## BRIEF:
Everything in the listing below from the line containing "DAX Brass Round" through the line containing "valueerror can't convert" must be repeated exactly; the remaining lines are not wanted.

## MATERIAL FOR THIS EXERCISE:
"""

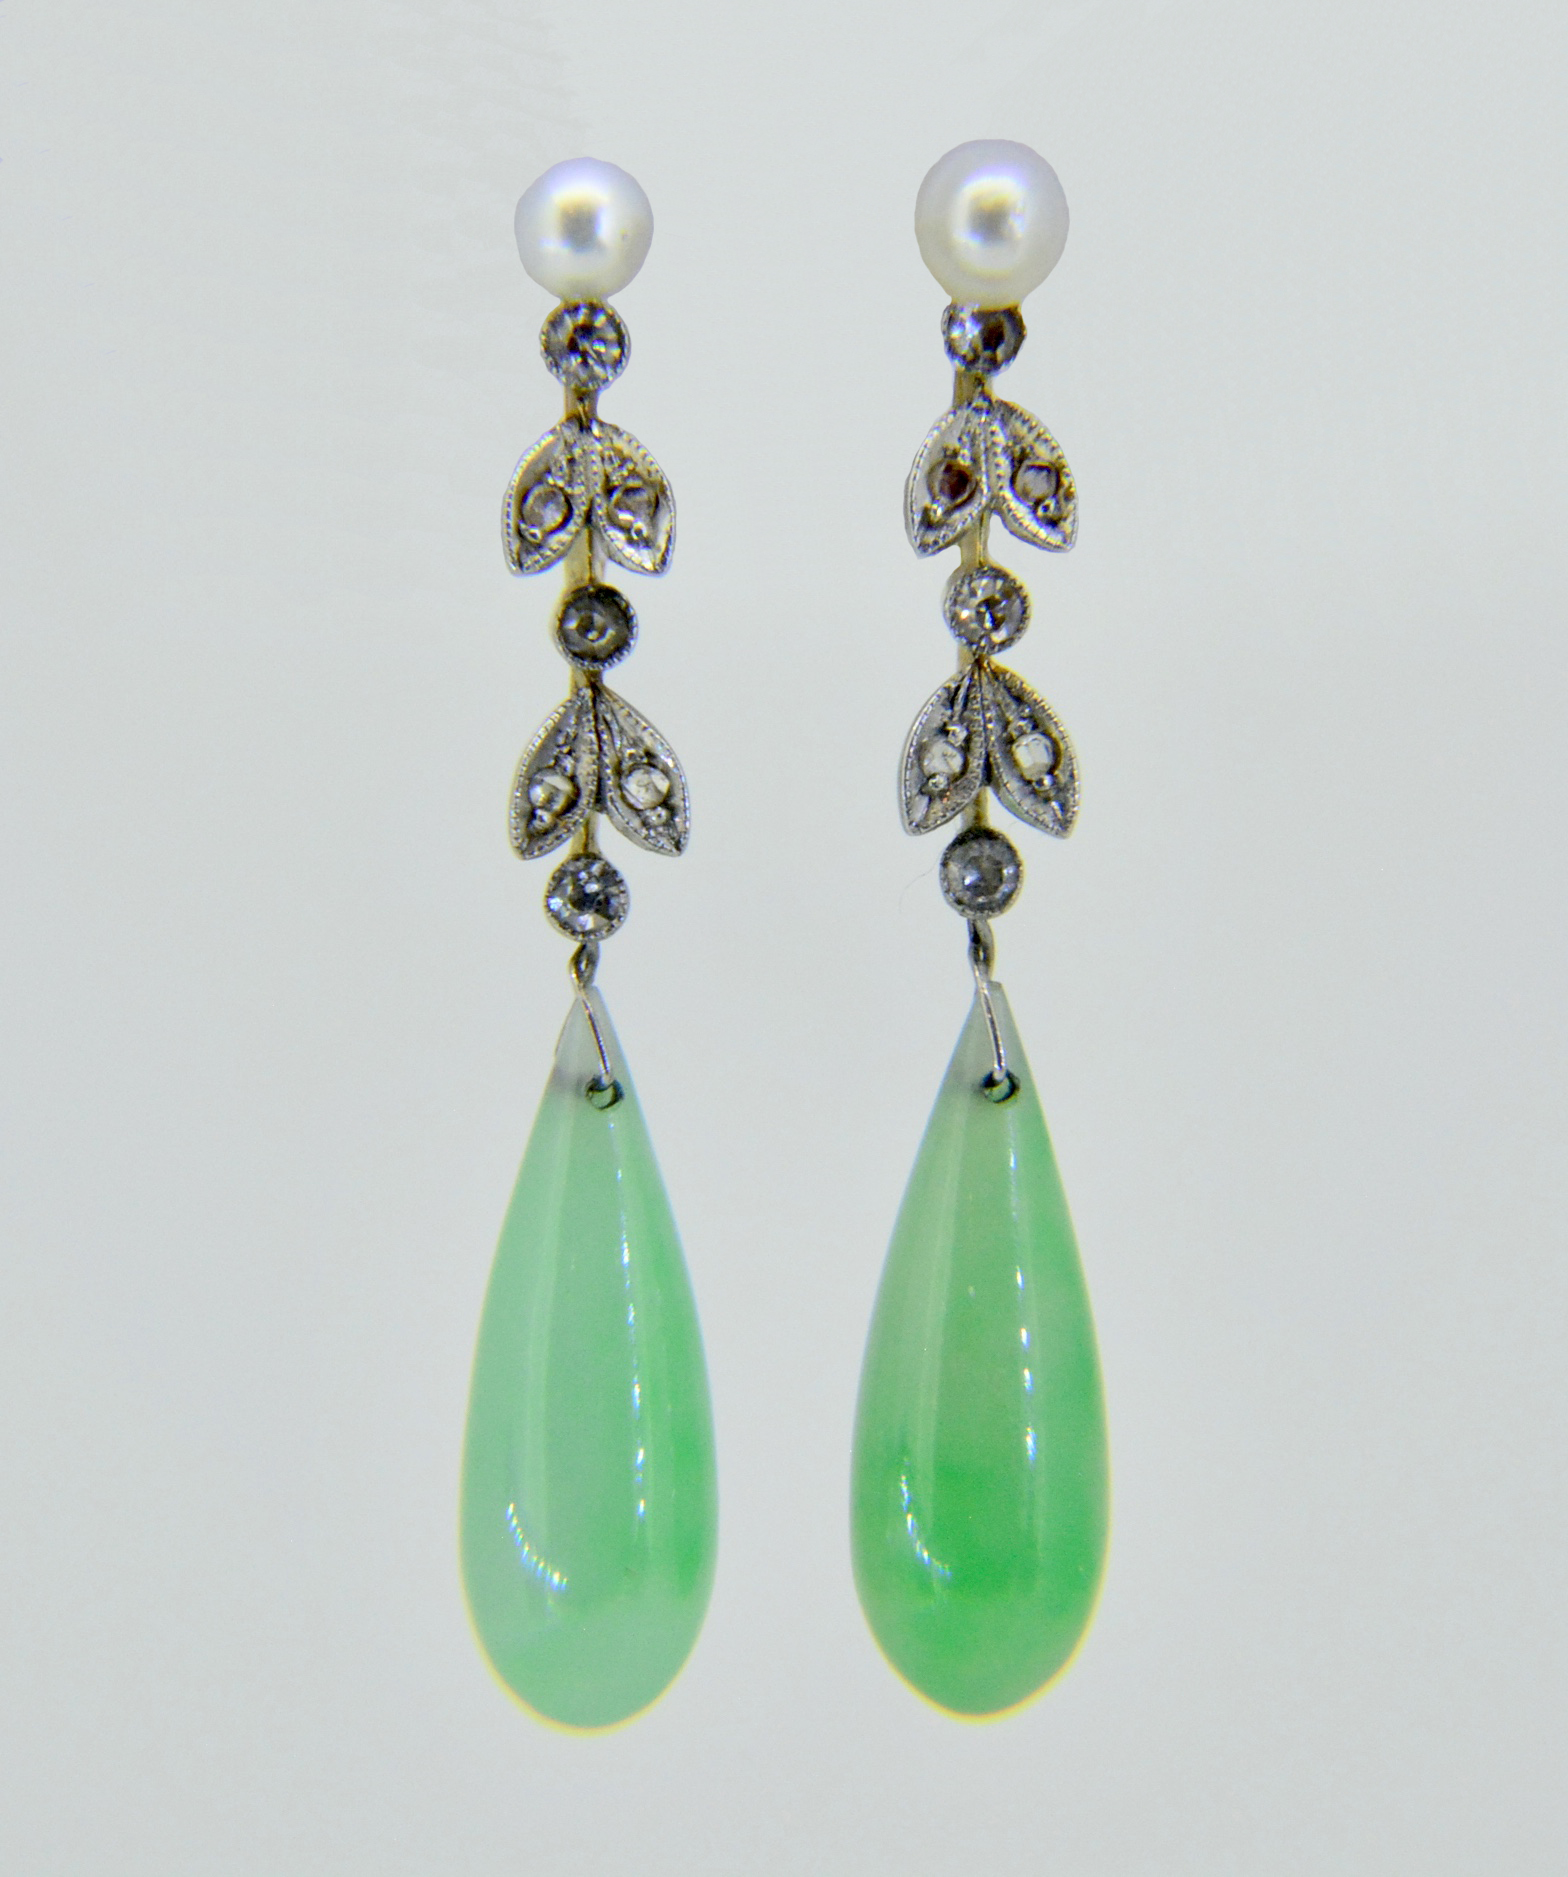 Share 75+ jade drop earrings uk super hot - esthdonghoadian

"""
"""

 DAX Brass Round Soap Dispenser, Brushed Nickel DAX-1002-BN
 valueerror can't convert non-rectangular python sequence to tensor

"""

## RESPONSE AREA:
 DAX Brass Round Soap Dispenser, Brushed Nickel DAX-1002-BN
 valueerror can't convert non-rectangular python sequence to tensor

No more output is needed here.